Zapatista Supporters Ambushed

By GERRY FOLEY

Murderous attacks and threats against supporters of the Zapatista National Liberation Movement in the state of Chiapas have been reported in the Mexico City daily La Jornada.

In its Aug. 27 issue, Herman Bellinghausen, the paper’s correspondent in Chiapas, reported that paramilitaries organized by the PRI, the former ruling party in Mexico, killed two Zapatista supporters and wounded another seven, one seriously, at the Rancheria Amaytik, not far from a major Mexican army camp.

The local Zapatista self-government council characterized the incident as an ambush. The self-government bodies declared: “The bad government, together with its paramilitaries, is carrying out its death threats against our people-who are putting up a dignified resistance.”

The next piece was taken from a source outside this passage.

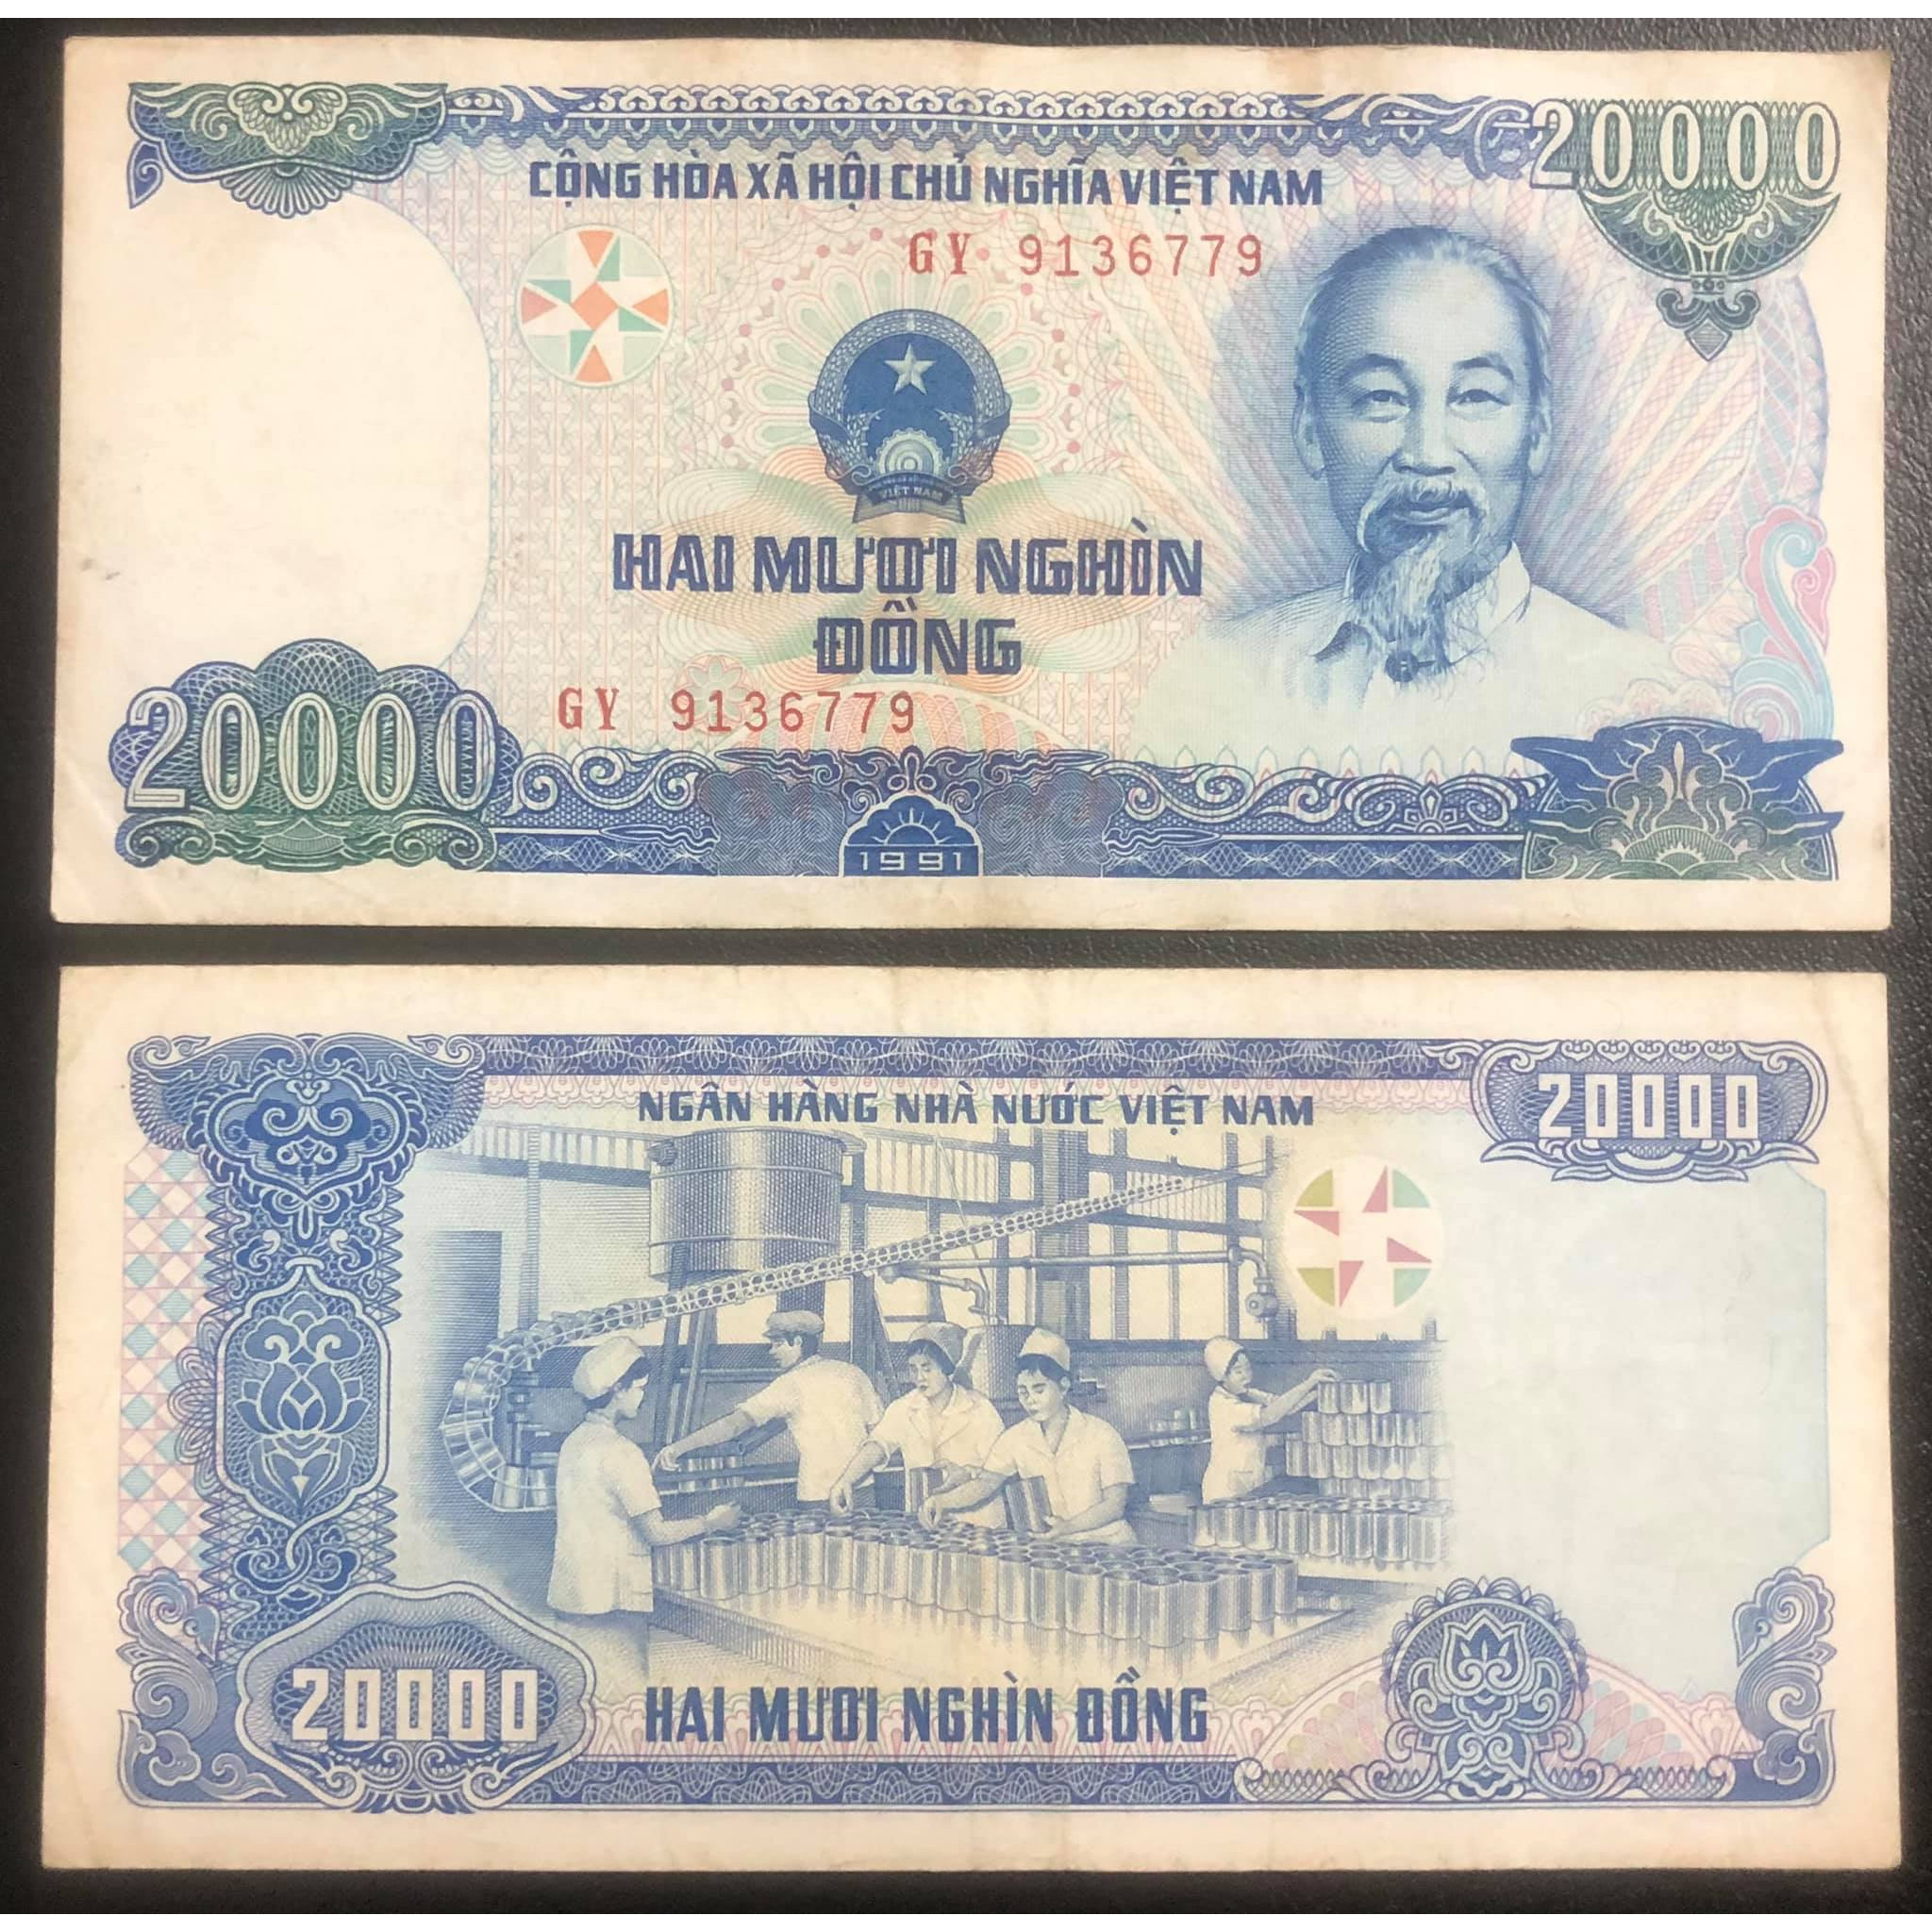 Tiền Việt Nam 20 ngàn đồng 1994 số seri đuôi 79 thần tài lớn

The local civil rights organizations issued a joint statement demanding, among other things, “that the government take its distance from the PRI armed and/or paramilitary groups operating in the region.” The human rights organization Fray Pedro Lorezno de la Nada, based in Ocosingo, reported extensive army movements in the region. About half of the Mexican army has been stationed in Chiapas since the 1994 Zapatista-led uprising.

In its Aug. 22 issue, La Jornada reported a mobilization of about 200 PRI paramilitaries aiming to terrorize Zapatista self-governing villages and break a Zapatista blockade against traffic in cheap alcohol. Forewarned, the Zapatistas were able to withdraw and limit the number of casualties, although one man was seriously wounded.

On Aug. 6, La Jornada reported an accusation by the leader of the survivors of the massacre of Acteal (in which five years ago PRI paramilitaries slaughtered 45 women and children belonging to the pacifist group Las Abejas) that the Mexican government had dropped any pretense of pursuing persons charged with involvement in the outrage.

The survivors’ leader, Jose Vasquez Gutierrez, said that many of those implicated in the massacre remained free in their homes and had rearmed themselves. He warned that if the state or federal police do not act, there could be a new attack at any moment on an independent organization like Las Abejas. The latter group is not linked to the Zapatistas, but has sought to remain neutral.

The old conservative opposition party, the National Action Party (PAN), managed to capture the federal government from the PRI, which had held it for more than half a century, largely by promising more democracy. This obviously had to include offering a political solution to the dispute in Chiapas, where rebellious Indian communities have kept the government repressive forces at bay since their insurrection in 1994.

The rebellion led by the Zapatista National Liberation Army became the banner of opposition to the pro-imperialist bourgeois “neoliberal” offensive in Mexico. Hundreds of thousands of Mexican working people mobilized to defend insurgents against military and police repression. They prevented the PRI government from moving directly to reoccupy the rebel areas and crush the rebellion.

But both openly through the army and surreptitiously through its paramilitaries, the PRI and the reactionary landlords it represents kept up the pressure on the Zapatista-controlled area. It is clear now that the change of government at the federal level has not changed this situation. It is essential that national and international solidarity be maintained with the deprived and hard-pressed Indian people of Chiapas.